Spotting LLMs With Binoculars: Zero-Shot Detection of Machine-Generated Text
Abhimanyu Hans, Avi Schwarzschild, Valeriia Cherepanova, Hamid Kazemi, Aniruddha Saha, Micah Goldblum, Jonas Geiping, Tom Goldstein
TL;DR
This work introduces Binoculars, a zero-shot, model-agnostic detector for machine-generated text that leverages a cross-perplexity ratio between two closely related LLMs. By normalizing perplexity with cross-perplexity, Binoculars mitigates prompt-induced distortions and yields strong detection across diverse domains without training data. Comprehensive evaluations demonstrate superior out-of-domain performance compared to baselines and robustness to prompting variations, while highlighting limitations in low-resource languages and memorization scenarios. The study emphasizes practical deployment considerations, including false-positive control, reliability in the wild, and ethical implications for moderation and content authenticity. Overall, Binoculars advances zero-shot LLM detection with a simple, transferable scoring mechanism that generalizes across models and tasks.
Abstract
Detecting text generated by modern large language models is thought to be hard, as both LLMs and humans can exhibit a wide range of complex behaviors.

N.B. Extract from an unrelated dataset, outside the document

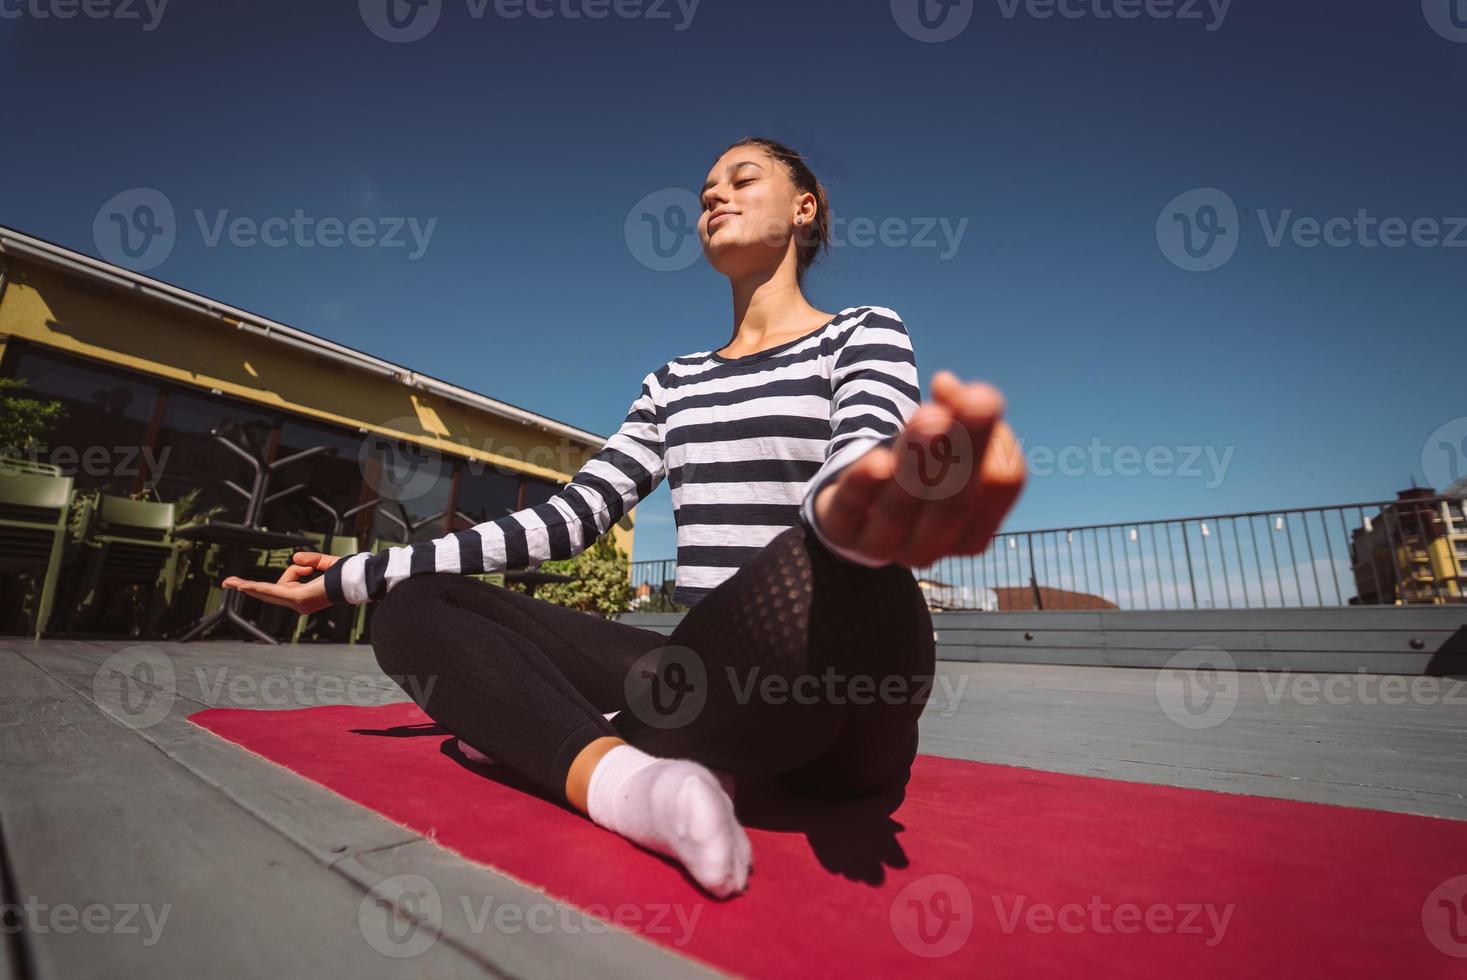 jovem meditando em pose de lótus no telhado do edifício foto

However, we find that a score based on contrasting two closely related language models is highly accurate at separating human-generated and machine-generated text. Based on this mechanism, we propose a novel LLM detector that only requires simple calculations using a pair of pre-trained LLMs. The method, called Binoculars, achieves state-of-the-art accuracy without any training data. It is capable of spotting machine text from a range of modern LLMs without any model-specific modifications. We comprehensively evaluate Binoculars on a number of text sources and in varied situations. Over a wide range of document types, Binoculars detects over 90% of generated samples from ChatGPT (and other LLMs) at a false positive rate of 0.01%, despite not being trained on any ChatGPT data.